= Beginning of Section =
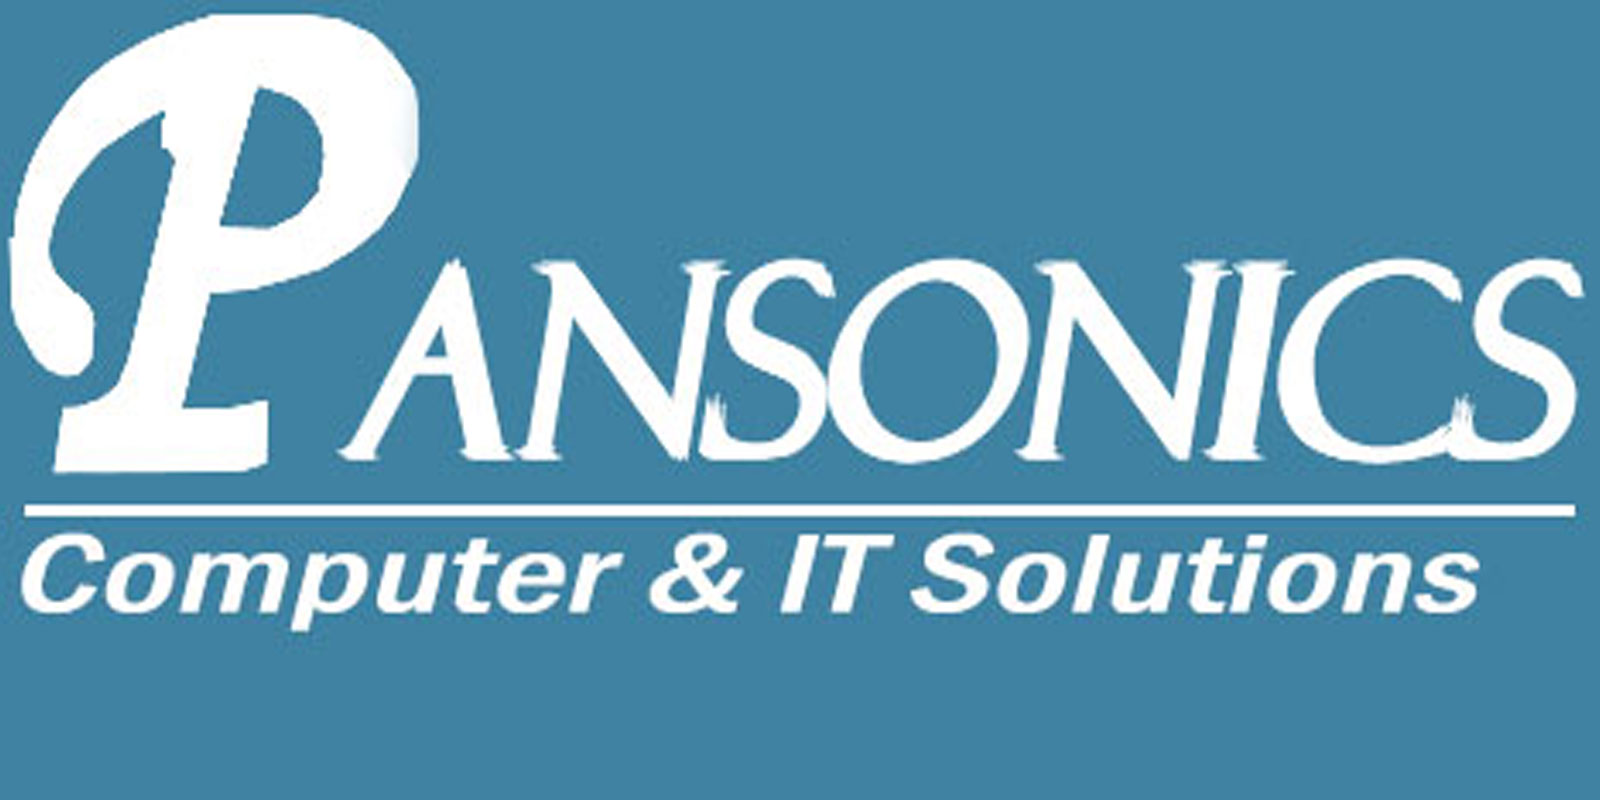 Pansonics Computer Co., Ltd.
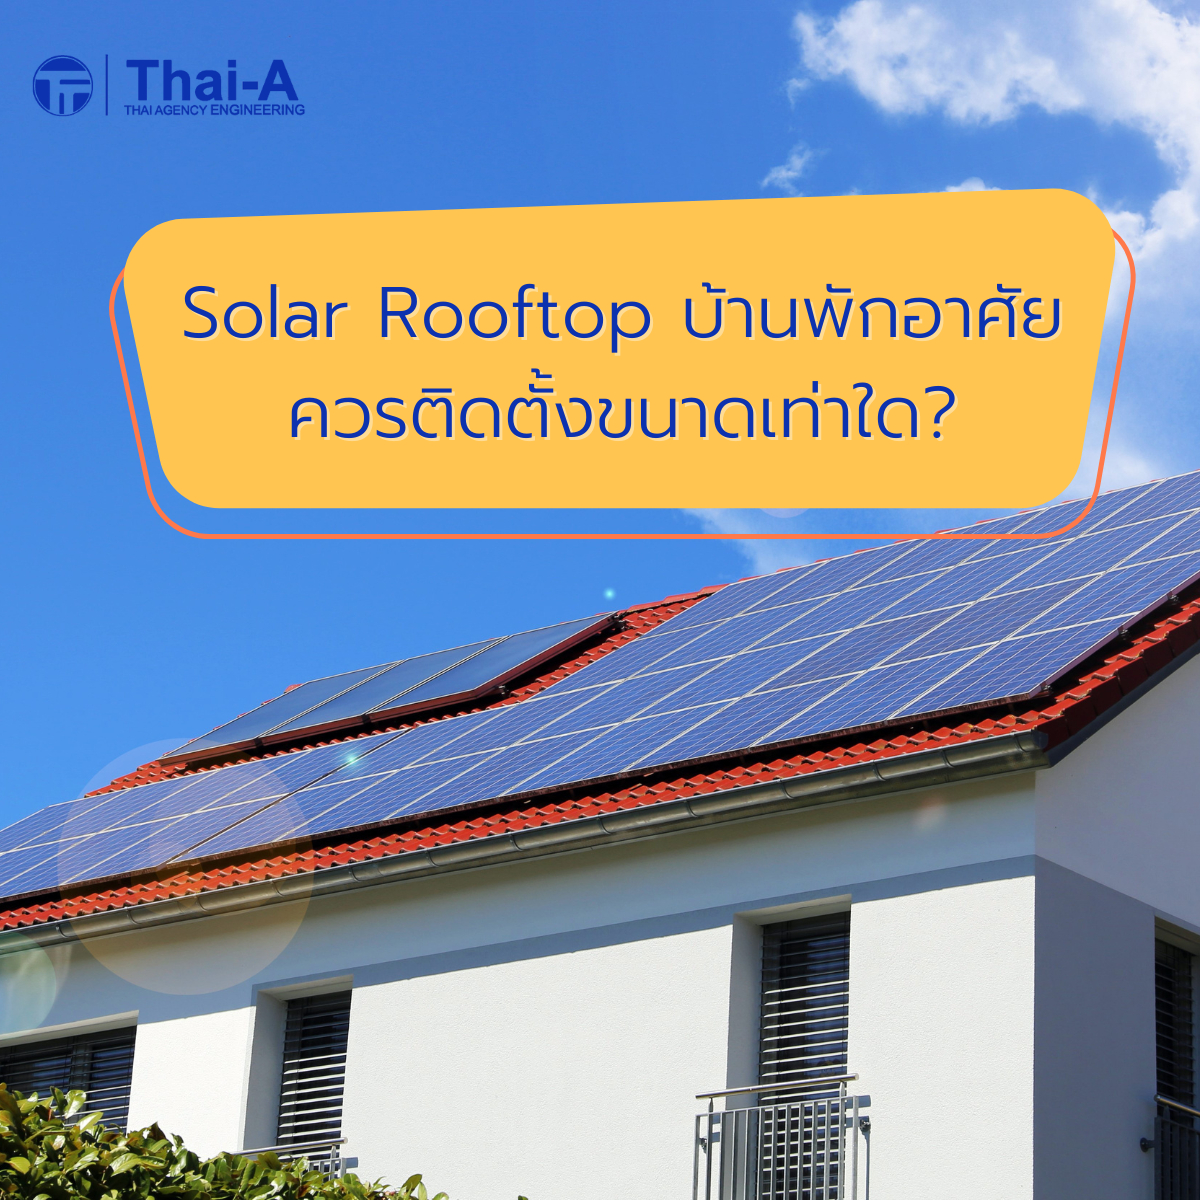 _Solar Rooftop บ้านพักอาศัยควรติดตั้งขนาดเท่าใด
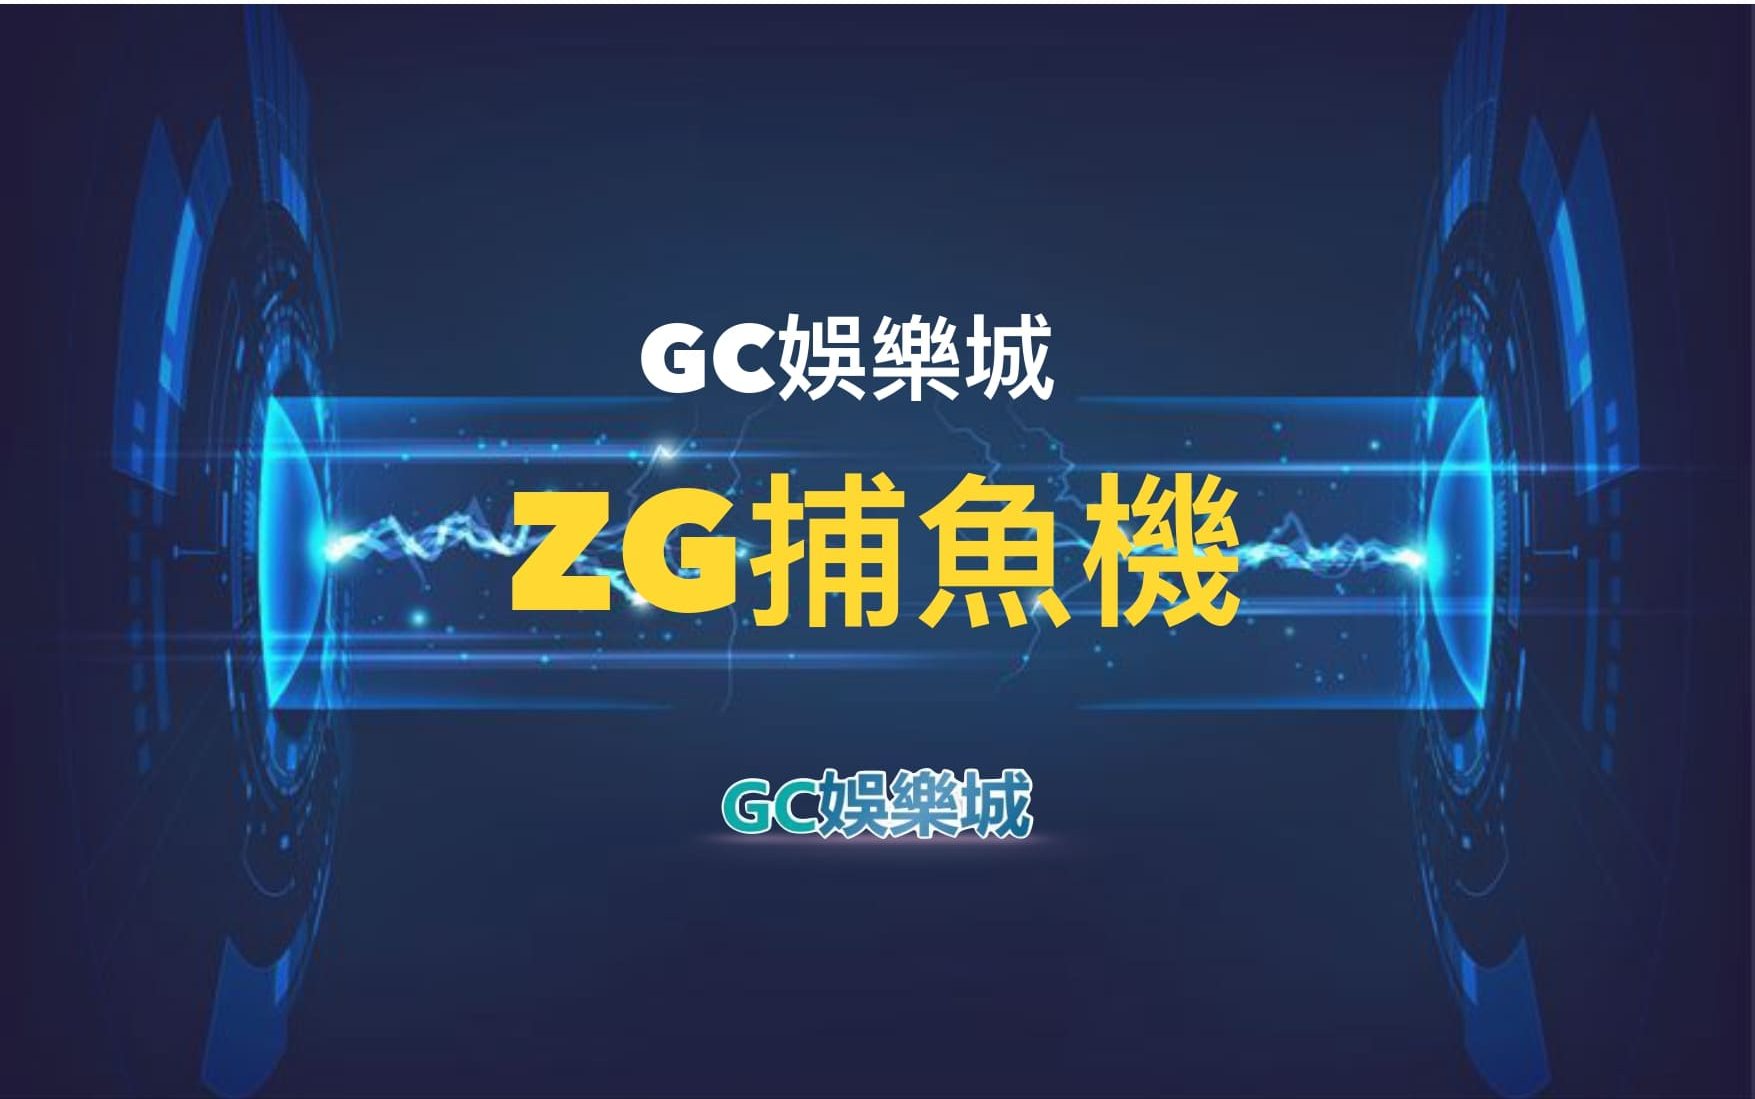 【ZG捕魚機遊戲介紹】體驗最豐富的捕魚遊戲，探索ZG系統的魅力！
= End of Section =
• Work task
Set down the data above word for word, leaving every picture out.

• Answer below
 Pansonics Computer Co., Ltd.
 _Solar Rooftop บ้านพักอาศัยควรติดตั้งขนาดเท่าใด
 【ZG捕魚機遊戲介紹】體驗最豐富的捕魚遊戲，探索ZG系統的魅力！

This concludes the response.